Hadoop Configuration
Change Configuration Scheme
I’m going to try the Hadoop configuration from Jason Carter’s blog (parts 2 & 3 specifically), as we did above.
-
yarn-site.xml
:<configuration> <!-- Site specific YARN configuration properties --> <property> <name>yarn.resourcemanager.hostname</name> <value>hadoopnode1</value> </property> <property> <name>yarn.nodemanager.aux-services</name> <value>mapreduce_shuffle</value> </property> <property> <name> yarn.nodemanager.aux-services.mapreduce. shuffle.class </name> <value> org.apache.hadoop.mapred.ShuffleHandler </value> </property> </configuration>
-
hdfs-site.xml
:<configuration> <property> <name>dfs.replication</name> <value>2</value> </property> <property> <name>dfs.blocksize</name> <value>5242880</value> </property> <property> <name>dfs.namenode.name.dir</name> <value>file:/hdfs/namenode</value> </property> <property> <name>dfs.datanode.name.dir</name> <value>file:/hdfs/datanode</value> </property> </configuration>
-
mapred-site.xml
:<configuration> <property> <name>mapreduce.framework.name</name> <value>yarn</value> </property> </configuration>
-
core-site.xml
:<configuration> <property> <name>fs.defaultFS</name> <value>hdfs://hadoopnode1:53410</value> </property> </configuration>
I noticed here that I left the following setting in
core-site.xml
when I reformatted the HDFS:<property> <name>hadoop.tmp.dir</name> <value>/hdfs/tmp/</value> </property>
I should probably reformat the HDFS again to make it comply with the new structure.
-
hadoop-env.sh
Uncomment the followingexport
line to define the HADOOP_HEAPSIZE parameter.# The maximum amount of heap to use, in MB. # Default is 1000. export HADOOP_HEAPSIZE=128
Sync to
hadoopnode2
:
$ rsync -av $HADOOP_CONF_DIR/ hduser@hadoopnode2:$HADOOP
_CONF_DIR
# hdfs-site.xml won't be sent because we didn't make
# any new changes since the HDFS reformat ones.

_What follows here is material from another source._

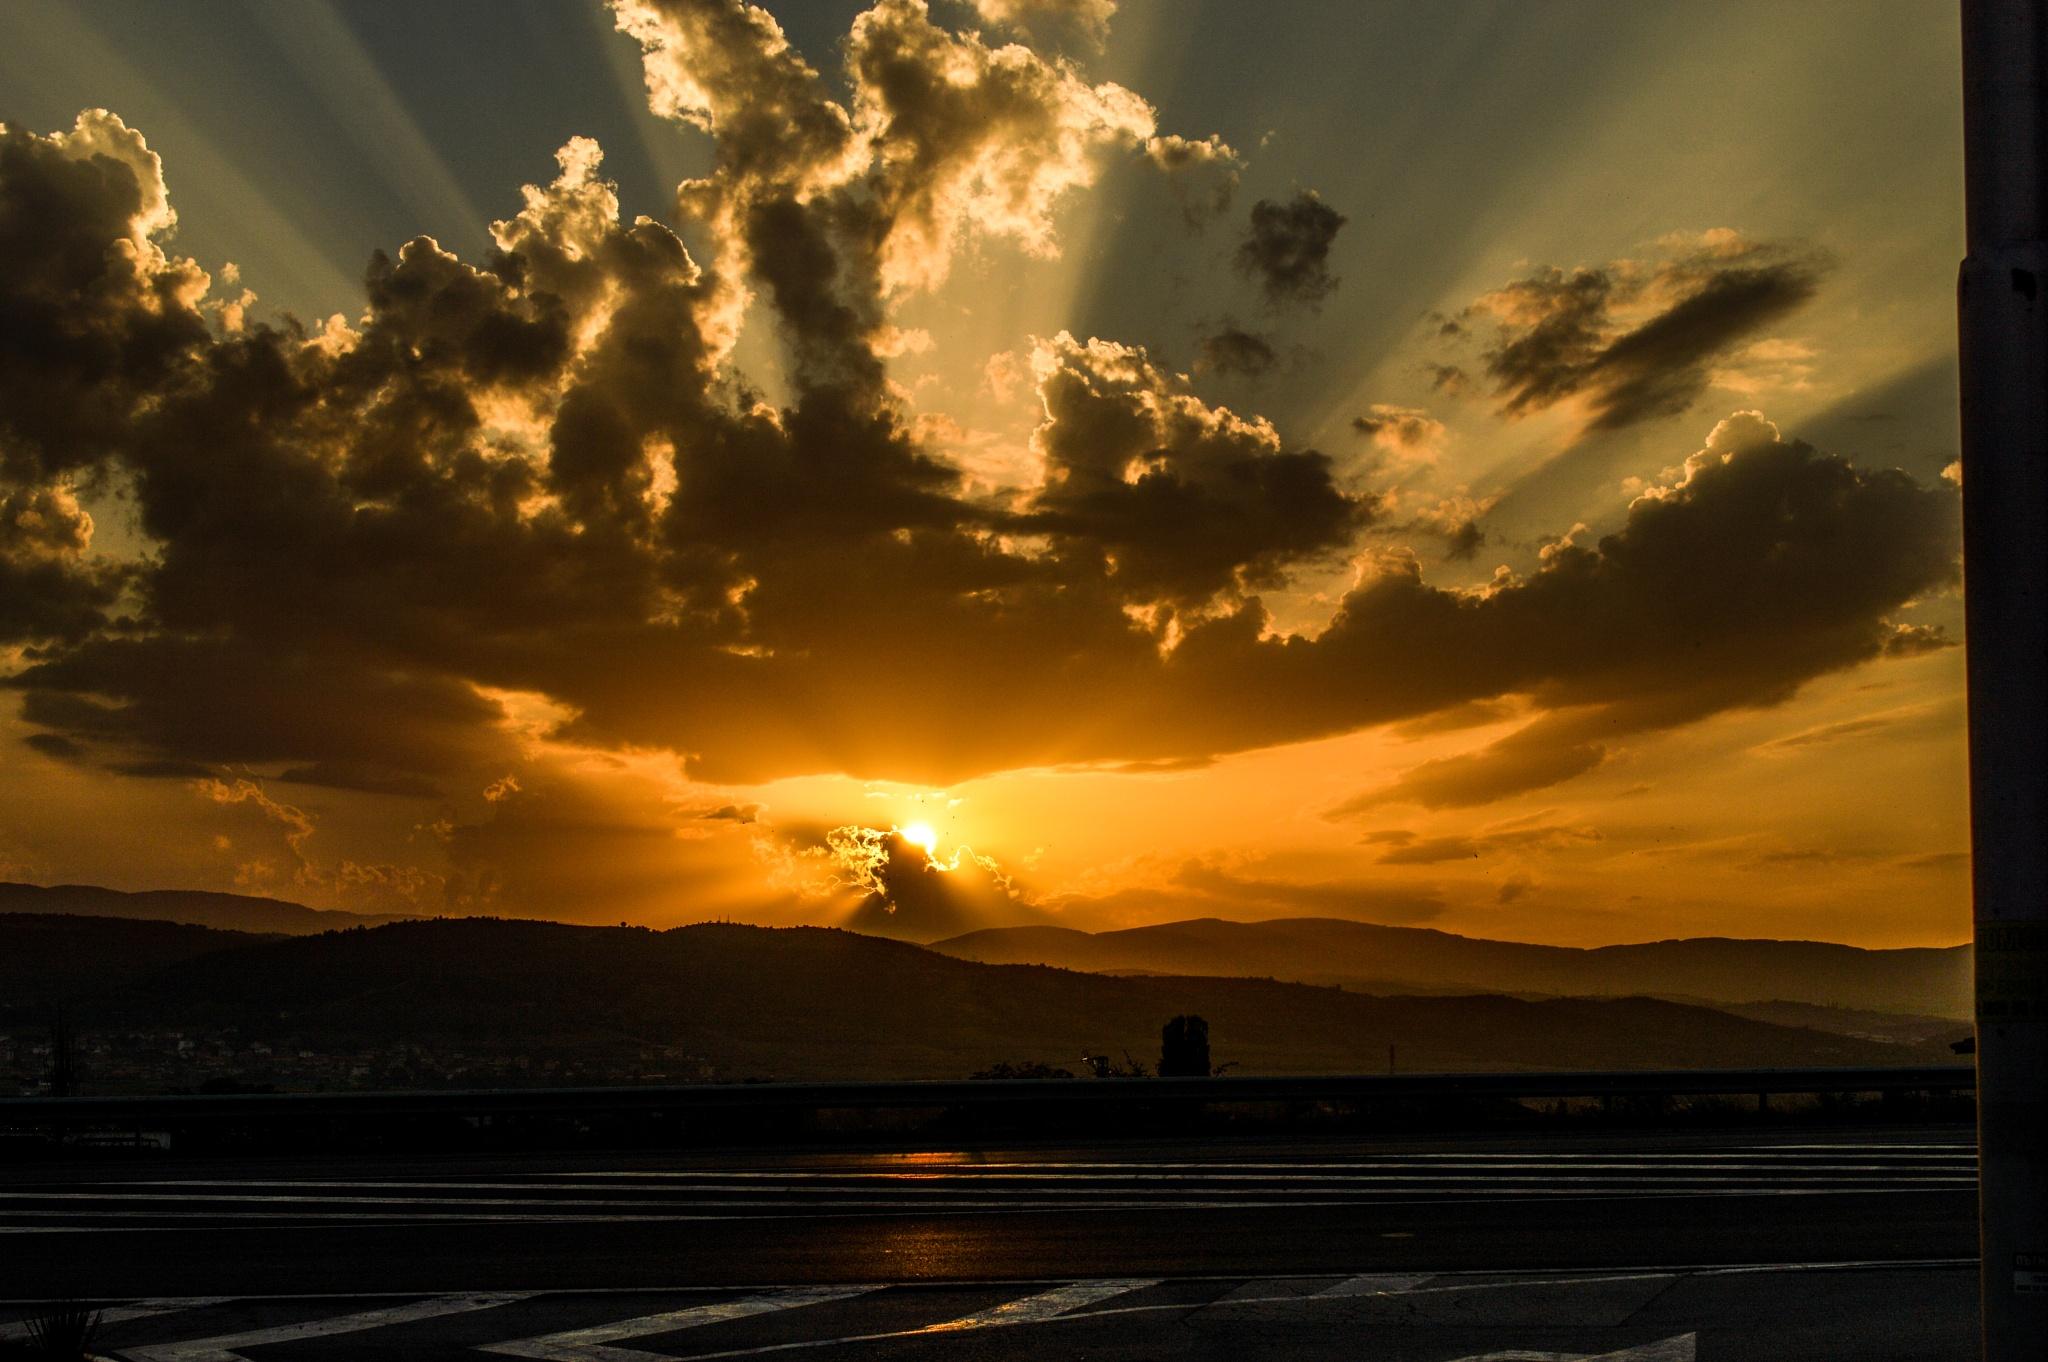 sunset by Rotaru Dan

sending incremental file list
core-site.xml
hadoop-env.sh
mapred-site.xml
yarn-site.xml
sent 2,369 bytes received 182 bytes 1,020.40 bytes/sec
total size is 78,384 speedup is 30.73
Reformat HDFS:
$ $HADOOP_HOME/sbin/stop-dfs.sh
$ $HADOOP_HOME/sbin/stop-yarn.sh
$ sudo rm -rf /hdfs
$ sudo mkdir -p /hdfs/namenode # only hadoopnode1
$ sudo mkdir -p /hdfs/datanode # hadoopnode1 & 2
# change directory ownership
$ sudo chown hduser:hadoop /hdfs/ -R
$ chmod 750 /hdfs # change directory permissions
$ ls -l / | grep hdfs # view directory
drwxr-x--- 4 hduser hadoop 4096 Apr 22 14:08 hdfs
Create HDFS again (again):
# On the namenode (hadoopnode1 for me)
$ hdfs namenode -format
$ $HADOOP_HOME/sbin/start-dfs.sh
$ $HADOOP_HOME/sbin/start-yarn.sh
Check the status:
$ hdfs dfsadmin -report
Both datanodes
up, and no /tmp
directory:
# On namenode
$ ls /hdfs
datanode namenode
Word Count Test
Load a .txt
file from the client machine and put it into HDFS:
$ hdfs dfs -put /path/to/local/file.txt /path/to/HDFS/file.txt
Run a wordcount job from the Hadoop example MapReduce applications. We are using a 1.1 MB plain text book from Project Gutenberg:
$ cd /opt/hadoop-2.7.3/share/hadoop/mapreduce
$ ls
hadoop-mapreduce-client-app-2.7.3.jar
hadoop-mapreduce-client-common-2.7.3.jar
hadoop-mapreduce-client-core-2.7.3.jar
hadoop-mapreduce-client-hs-2.7.3.jar
hadoop-mapreduce-client-hs-plugins-2.7.3.jar
hadoop-mapreduce-client-jobclient-2.7.3.jar
hadoop-mapreduce-client-jobclient-2.7.3-tests.jar
hadoop-mapreduce-client-shuffle-2.7.3.jar
hadoop-mapreduce-examples-2.7.3.jar
lib
lib-examples
sources
# Output directory in command must not exist! The job will
# fail if the specified directory exists already.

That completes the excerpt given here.